Since her bathroom mirror was small, she hadn't been able to tell how she looked; she ran her hand down her now chubby body. Her upper body was soft with a little flab; her belly was still small but flabby enough to jiggle. Then she came to her butt and thighs. In the back, her butt must have grown three inches outward and her two global buns were now big and fat. Her thighs had signs of cellulite and jiggled with every movement she made. 

Because of her chunky butt and flabby thighs, she looked back on how she was walking lately. Instead of walking she had an inward shimmy to her walk. It was almost a waddle. She knew she had been gaining weight but not this much. She'd changed her wardrobe three times on the ship and she wouldn't admit to getting fat because she was a soccer girl - and soccer girls didn't get fat or out of shape. She pondered a moment when an instant message from AOL came in on her computer in the bedroom. 

She dropped her thoughts about her body change and scurried to the bedroom. She resumed her conversation with Lisa, her soccer captain who didn't go on the trip. They were talking of how Ralph was one of the sweetest men on earth. Then the conversation eventually shifted over to the food and practice: 

UmbroGirl: Yeah the food here is so great, but I think I've been gaing a few pounds. 

Soccerbabe101: Oh Really? Well don't worry about it , you're a hard worker and a good player, you'll pull through this for next season. 

UmbroGirl: Yeah maybe your right, I might have a little flab now but I'll loose it. 

SoccerBabe101: How about Allison, what's her condition??​
Beth told Lisa about how Allison, too, was gaining weight. She was becoming more round with a bigger belly and breasts. Beth was quite the opposite of Allison. Allison and George were still going out, and every time Beth saw them, they were eating at the dining hall. 

In the 5th month Ralph eventually got around to asking Beth out and they were going around the boat on their first date. Ralph was dressed nice, with khakis and a shirt and tie, while Beth was in a dress a couple of sizes too small for her rear. 

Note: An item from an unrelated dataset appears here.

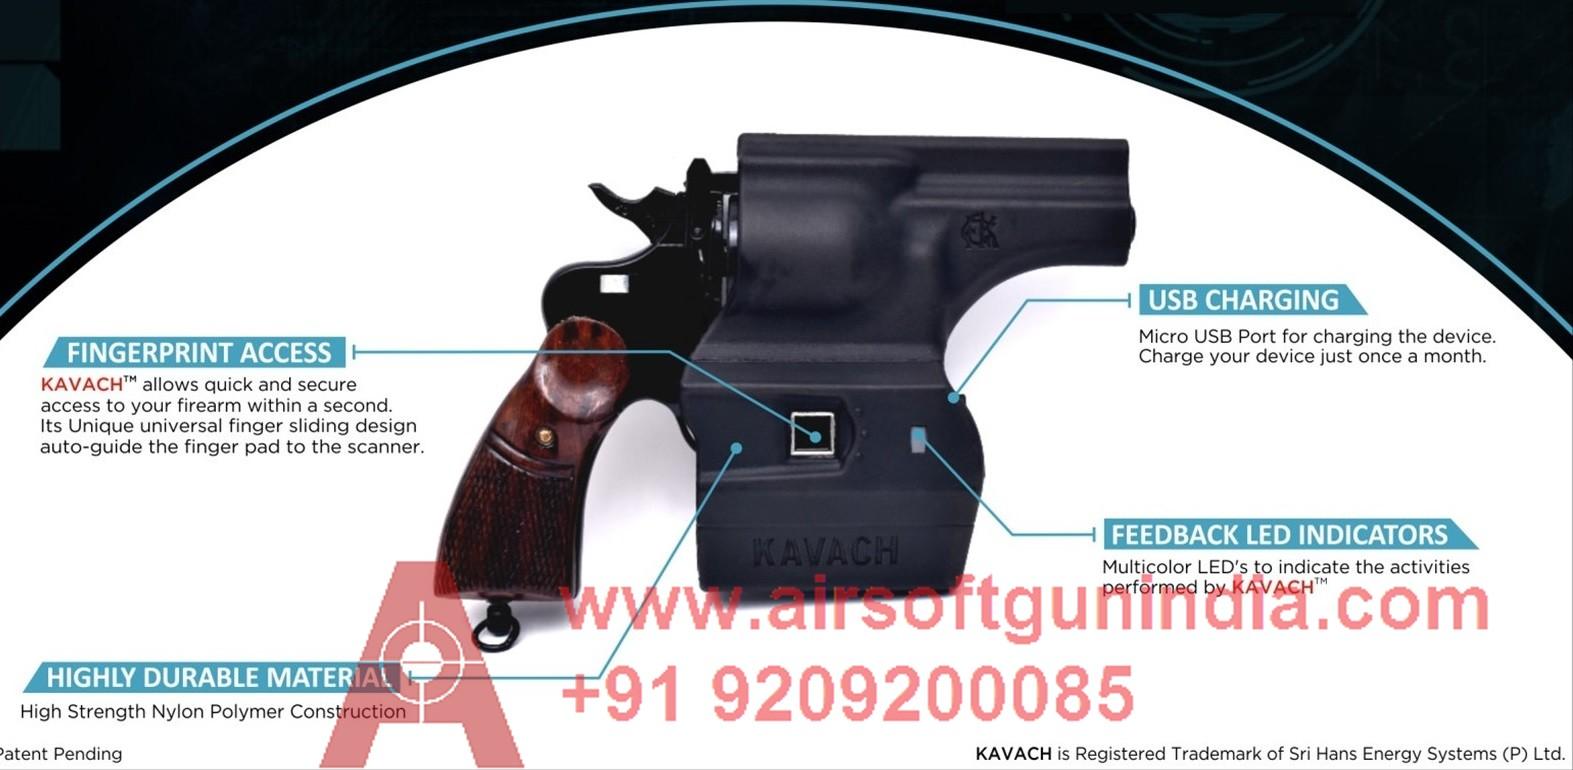 Kavach Smart Holster Fingerprint Gun Holster In India For IOF .32 Revolver By Airsoft Gun India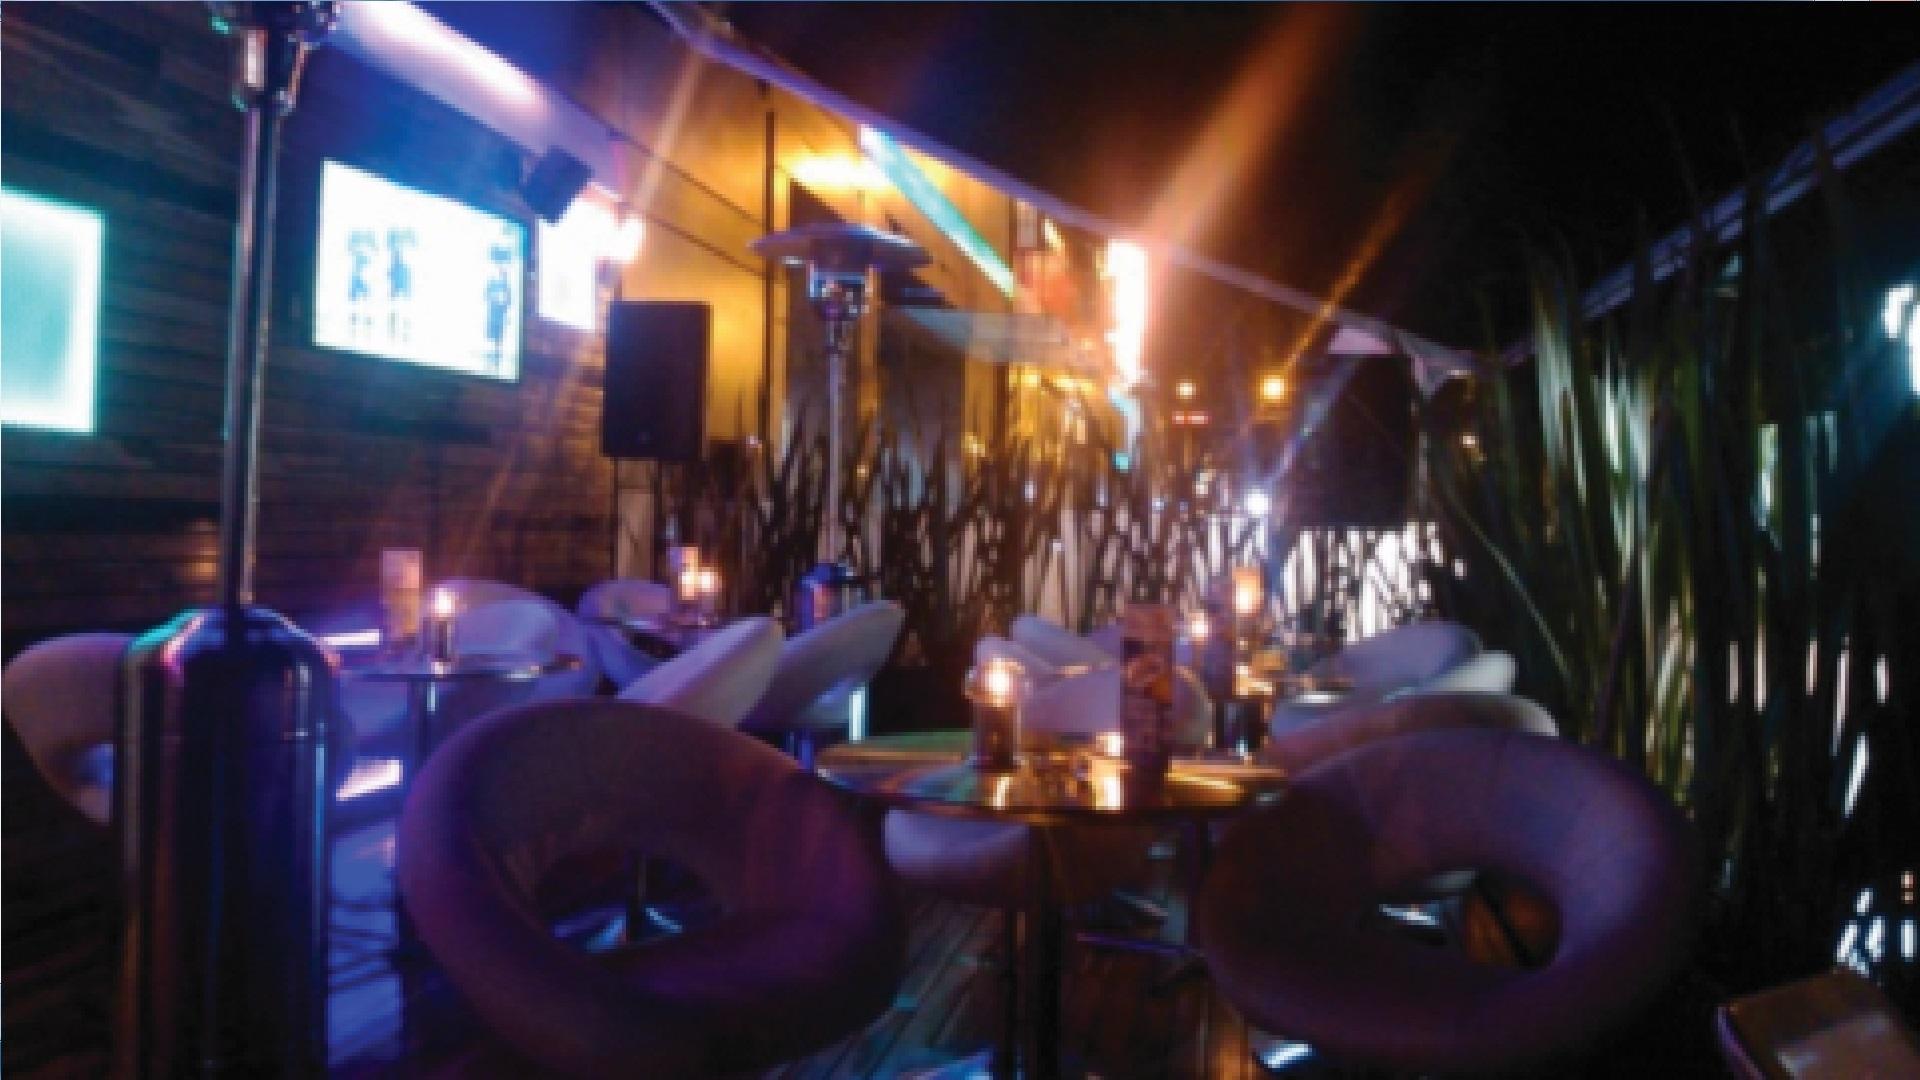 Gato Pardo Café Bar

For the first time Ralph noticed how beautiful she really was. Her face had become double chinned. She still had a thin upper body but her lower half had become enormous. Her belly hung out and stretched the dress in the front, further exposing her flabtastic rear, which jutted out about eight inches. He noticed there was no space between her fat thighs. 

He watched her walk awkwardly as she waddled with him around the deck, viewing the night stars. Her fat butt jiggle with every little motion, and her buns would bounce up and down like light switches each time she walked. Her calves had become huge and also jiggled as she walk/waddled. They stopped at the front, her chubby face looking at his.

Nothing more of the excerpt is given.